(Information shown begins)

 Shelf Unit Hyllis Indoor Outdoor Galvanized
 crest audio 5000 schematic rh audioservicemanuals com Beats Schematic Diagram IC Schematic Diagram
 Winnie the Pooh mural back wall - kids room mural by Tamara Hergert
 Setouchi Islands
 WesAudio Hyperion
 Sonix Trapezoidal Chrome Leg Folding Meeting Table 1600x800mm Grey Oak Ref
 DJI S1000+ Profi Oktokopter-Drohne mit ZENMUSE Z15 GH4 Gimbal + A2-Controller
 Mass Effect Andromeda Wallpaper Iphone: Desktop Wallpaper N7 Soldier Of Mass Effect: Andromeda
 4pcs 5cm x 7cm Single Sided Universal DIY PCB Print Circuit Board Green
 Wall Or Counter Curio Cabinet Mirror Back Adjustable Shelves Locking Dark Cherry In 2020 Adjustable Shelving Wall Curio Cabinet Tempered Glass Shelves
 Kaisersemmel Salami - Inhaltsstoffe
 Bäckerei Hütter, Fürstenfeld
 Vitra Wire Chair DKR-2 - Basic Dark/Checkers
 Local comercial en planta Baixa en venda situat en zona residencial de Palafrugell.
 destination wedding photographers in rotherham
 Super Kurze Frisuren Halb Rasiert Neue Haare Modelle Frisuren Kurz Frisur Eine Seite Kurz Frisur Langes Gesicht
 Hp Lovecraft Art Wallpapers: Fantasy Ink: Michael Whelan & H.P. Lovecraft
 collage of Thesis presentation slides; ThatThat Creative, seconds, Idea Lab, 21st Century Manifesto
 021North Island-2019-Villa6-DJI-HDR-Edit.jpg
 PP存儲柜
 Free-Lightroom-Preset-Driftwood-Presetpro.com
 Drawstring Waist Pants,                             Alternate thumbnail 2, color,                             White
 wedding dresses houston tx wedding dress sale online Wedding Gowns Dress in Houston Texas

(Information shown ends)

◆ **Exercise aim**:
The range begins at the line containing "4pcs 5cm x 7cm" and ends at the last line of the entries; reproduce it exactly.

◆ **Result below**:
 4pcs 5cm x 7cm Single Sided Universal DIY PCB Print Circuit Board Green
 Wall Or Counter Curio Cabinet Mirror Back Adjustable Shelves Locking Dark Cherry In 2020 Adjustable Shelving Wall Curio Cabinet Tempered Glass Shelves
 Kaisersemmel Salami - Inhaltsstoffe
 Bäckerei Hütter, Fürstenfeld
 Vitra Wire Chair DKR-2 - Basic Dark/Checkers
 Local comercial en planta Baixa en venda situat en zona residencial de Palafrugell.
 destination wedding photographers in rotherham
 Super Kurze Frisuren Halb Rasiert Neue Haare Modelle Frisuren Kurz Frisur Eine Seite Kurz Frisur Langes Gesicht
 Hp Lovecraft Art Wallpapers: Fantasy Ink: Michael Whelan & H.P. Lovecraft
 collage of Thesis presentation slides; ThatThat Creative, seconds, Idea Lab, 21st Century Manifesto
 021North Island-2019-Villa6-DJI-HDR-Edit.jpg
 PP存儲柜
 Free-Lightroom-Preset-Driftwood-Presetpro.com
 Drawstring Waist Pants,                             Alternate thumbnail 2, color,                             White
 wedding dresses houston tx wedding dress sale online Wedding Gowns Dress in Houston Texas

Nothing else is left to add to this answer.